A smartphone with a displayed Arm Ltd logo is placed on a computer motherboard in this illustration taken March 6, 2023. REUTERS/Dado Ruvic/Illustration

To reach the fully diluted valuation of $54.5 billion, it sought in its initial public offering (IPO) at the top of its indicated range. Arm, the chip designer owned by SoftBank Group Corp (9984.T), is almost there and may even ask investors to value it higher, according to people familiar with the situation on Sunday.

When its underwriters shut their books on Wednesday for the largest U.S. stock market debut in two years, Arm will likely be able to price the IPO at the top or above its $47-to-$51 per share range due to the high investor demand, the people said.
Due to the IPO’s oversubscription, the sources said that Arm is talking about extending the price range and aiming for a value of more than $54.5 billion.
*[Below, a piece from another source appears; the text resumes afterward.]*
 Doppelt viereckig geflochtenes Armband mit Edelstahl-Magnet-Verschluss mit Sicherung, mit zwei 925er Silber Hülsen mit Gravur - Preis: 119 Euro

The sources noted that Arm is also considering sticking with the current price range and pricing the IPO above it on Wednesday, which would also result in a value greater than $54.5 billion.

However, given that SoftBank intends to keep a 90.6% interest in Arm after the roughly $5 billion IPO, as initially intended, Arm won’t issue additional shares, the sources said.
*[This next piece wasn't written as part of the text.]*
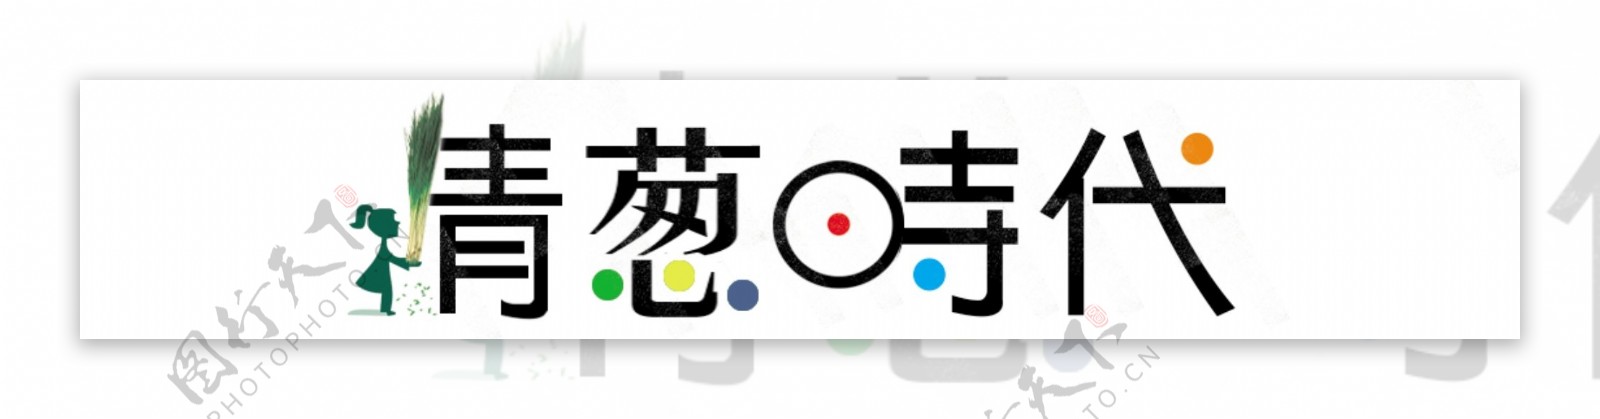 青葱时代logo

According to one of the sources, when some significant orders from investors arrive on Monday, a decision about expanding the price range will be made in the following two days.

The sources warned that certain expected investor commitments had not been confirmed, and the trajectory of the orders may potentially alter since they spoke on the condition of anonymity to discuss private discussions.
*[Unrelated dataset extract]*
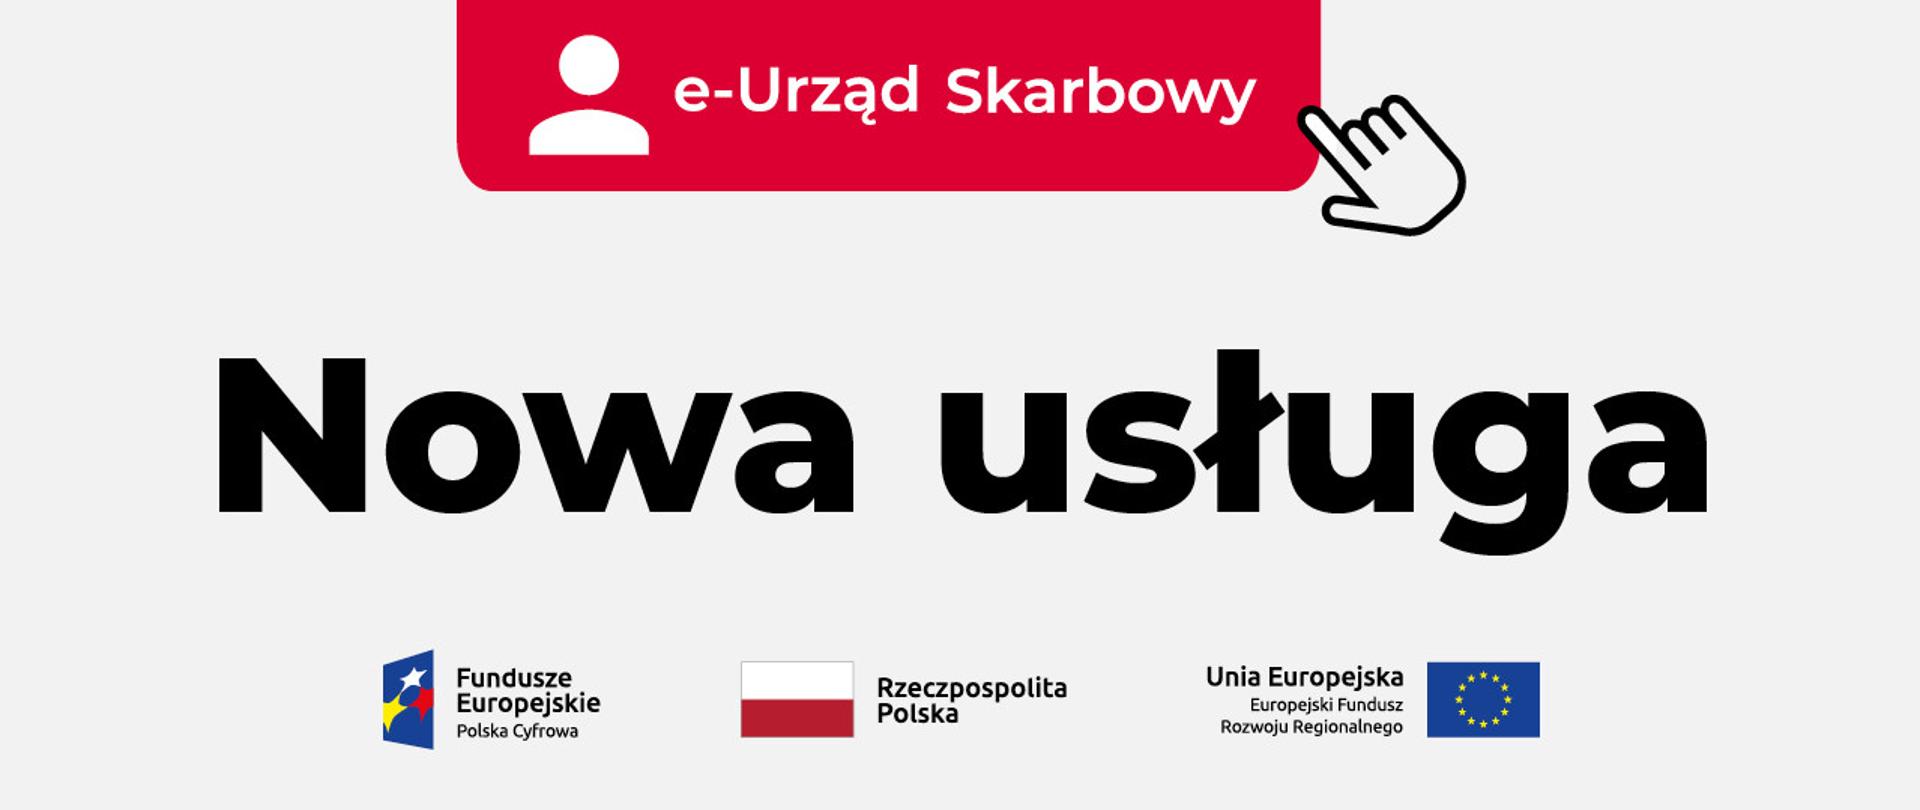 Guzik z napisem e-Urząd Skarbowy, napis Nowa usługa, oznaczenia funduszy UE.

Requests for comment from SoftBank and Arm did not immediately get a response.

Compared to the $64 billion value at which SoftBank last month purchased the 25% share in the firm that it did not already hold from the $100 billion Vision Fund it administers, Arm’s current valuation indicates a climb-down.

SoftBank would still fare better than its $40 billion agreement to sell Arm to Nvidia Corp (NVDA.O), which it abandoned last year in response to antitrust authorities’ objections, despite this reduced value.

Apple (AAPL.O), Nvidia, Alphabet (GOOGL.O), Advanced Micro Devices (AMD.O), Intel (INTC.O), and Samsung Electronics (005930. K.S.) are just a few of the notable companies that Arm has already secured as cornerstone investors in its IPO.

Arm began promoting its IPO this week to persuade investors that it had growth opportunities outside of the mobile phone sector, which it now has a 99% share of.

Arm’s revenue has been flat as the global economy has slowed down due to weak mobile demand. Compared to the previous year’s $2.7 billion in revenue, the total for the 12 months ending in March was $2.68 billion.

The cloud computing industry, of which Arm only has a 10% share and hence more space to grow, is anticipated to increase at an annual rate of 17% through 2025, partly because of developments in artificial intelligence, Arm informed prospective investors in New York on Thursday. The automobile industry, which now controls 41% of global sales, is anticipated to rise by 16%, while the mobile sector is only anticipated to grow by 6%.

Additionally, Arm informed investors that they had been building up since it began collecting royalties in the early 1990s, which make up the majority of its earnings. In the most recent fiscal year, royalties brought in $1.68 billion, up from $1.56 billion the year before.

Given geopolitical concerns with the U.S. that have caused a rush to secure chip supply, investors have watched Arm’s exposure to China closely. 24.5% of Arm’s $2.68 billion in revenue for the fiscal year 2023 came from sales in China.